Tuesday, May 21, 2024

Substance and subtext: The Hindu Editorial on India-Bhutan ties  

Bhutan’s fifth king, Jigme Khesar Namgyel Wangchuck’s visit to India this week had both substance and subtext. After talks with Prime Minister Narendra Modi and President Droupadi Murmu, the joint statement detailed cooperation in many areas. India has agreed to support Bhutan’s next development plans and extend additional standby lines of credit. Hydropower, the “cornerstone” of India-Bhutan ties, also received a boost, with the government agreeing to consider Bhutanese requests for expediting long-delayed projects (Sankosh and Punatsangchhu), revising upwards the tariff on Chhukha, the oldest project, and buying power from the Basochhu power project. New infrastructure projects include an integrated checkpoint for trucks at Jaigaon, a checkpoint for third country nationals and a cross-border rail link from Kokrajhar to Gelephu. Future partnerships could include space research, skilling, startups and STEM education, and a new Internet gateway for Bhutan, in keeping with the Bhutanese king’s new “Transform Initiative”. The Bhutanese government is also worried about the number of Bhutanese migrating overseas as youth unemployment in 2021 reached 21%. India too needs to pay more attention to this brain drain, as, in the past, Bhutan’s elite would have been educated in India. India stands to lose its edge in Bhutanese policy making and public narrative, and thus the projects outlined stand to benefit Delhi and Thimphu in keeping the talent within.

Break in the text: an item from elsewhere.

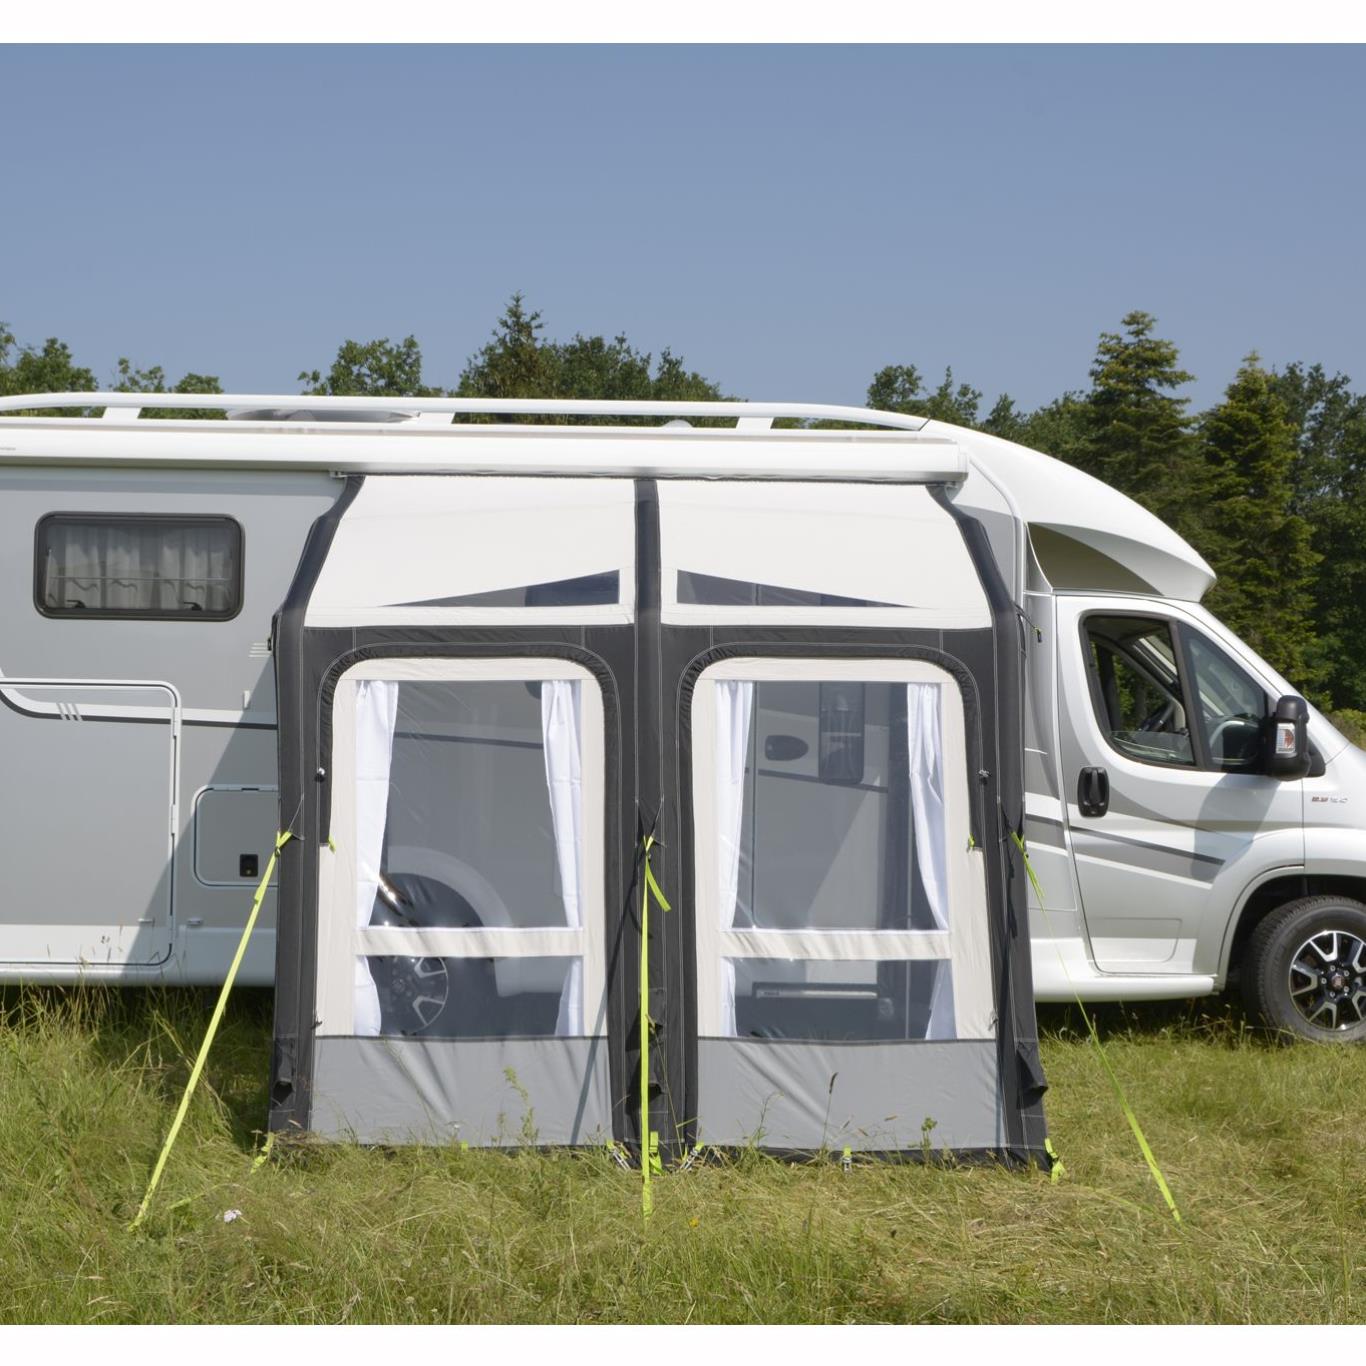 K k camping. Надувная палатка Dometic. Палатка kampa для автодома кемпера. Палатка для автодома кемпера. Дом на колесах с палаткой.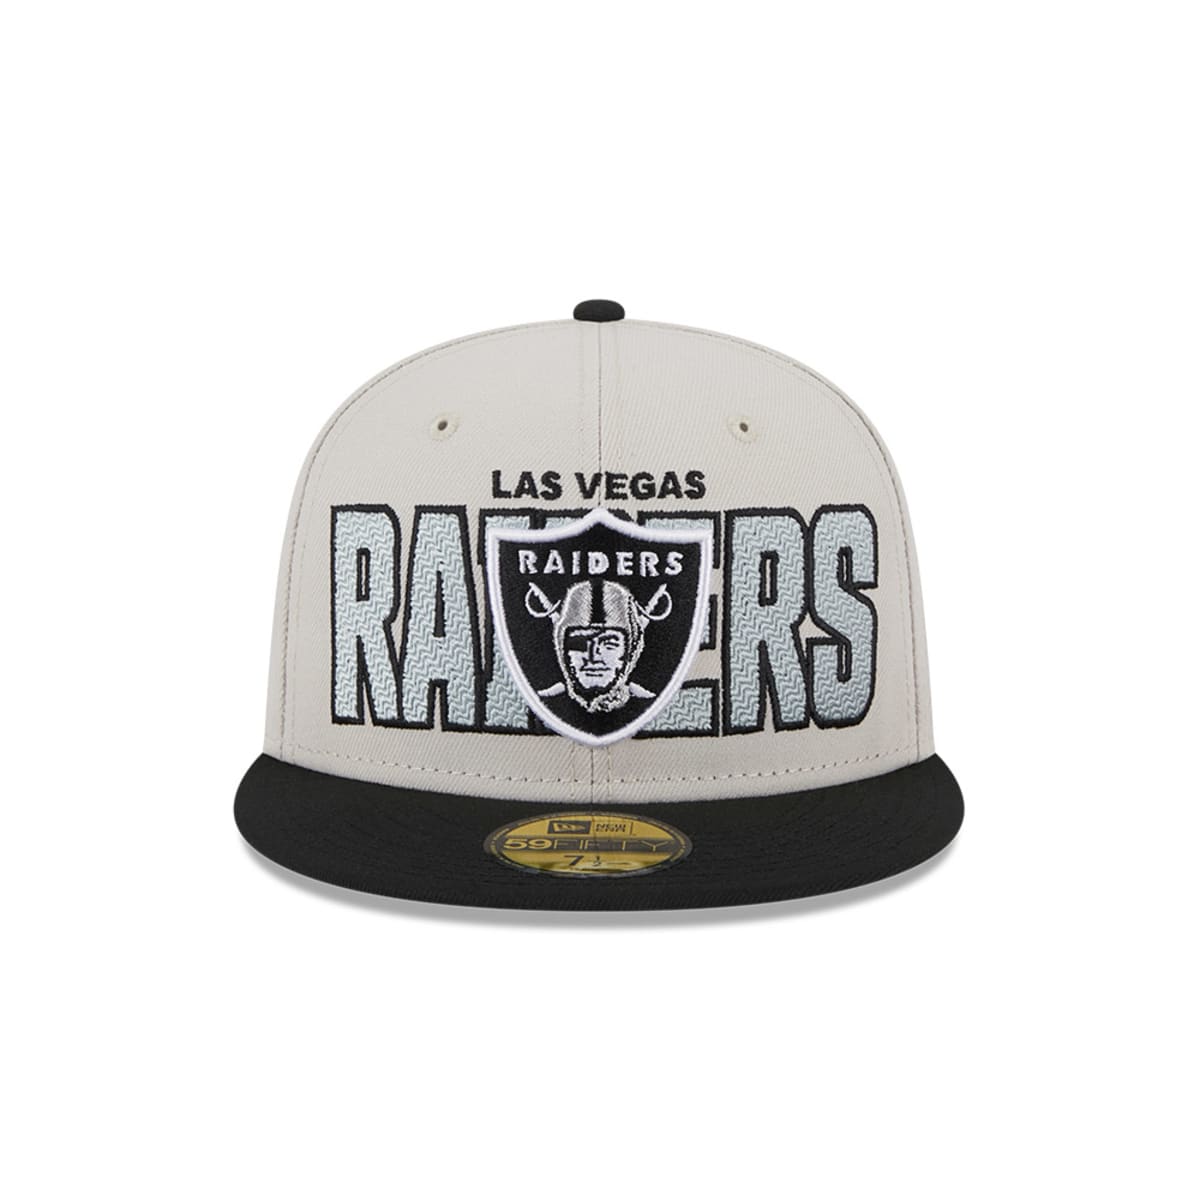 Official Las Vegas Raiders Merchandise Goes On Sale When NFL Draft Hits Las  Vegas April 23-25; Team Officially Declared Las Vegas Raiders Wednesday -  LVSportsBiz

However, it is the visit’s subtext — after recent comments by Bhutan’s Prime Minister Lotay Tshering indicating progress in China-Bhutan boundary talks — that must cause concern. In an interview to a European paper, he had said that Bhutan and China hope to agree on demarcating their northern boundary dispute in the next “1-2 meetings”. This must set alarm bells ringing as China has offered this demarcation as part of a “package deal” with Doklam, the area near the trijunction with India, and strategically sensitive given its proximity to India’s Siliguri corridor. While Bhutan is clear that all talks about the trijunction would be “trilateral”, India’s concerns extend to any change in the area surrounding it, so there needs to be full clarity on the issue. New Delhi must also not allow hyper-nationalism and its antagonism with China to pressure Bhutan. India’s time-tested ties with Bhutan have been predicated on not seeing each other in terms of the difference in their size but in counting each country’s prosperity as a win-win for both. More importantly, they have always anticipated the other’s interests before taking any step that could affect their long-cherished partnership.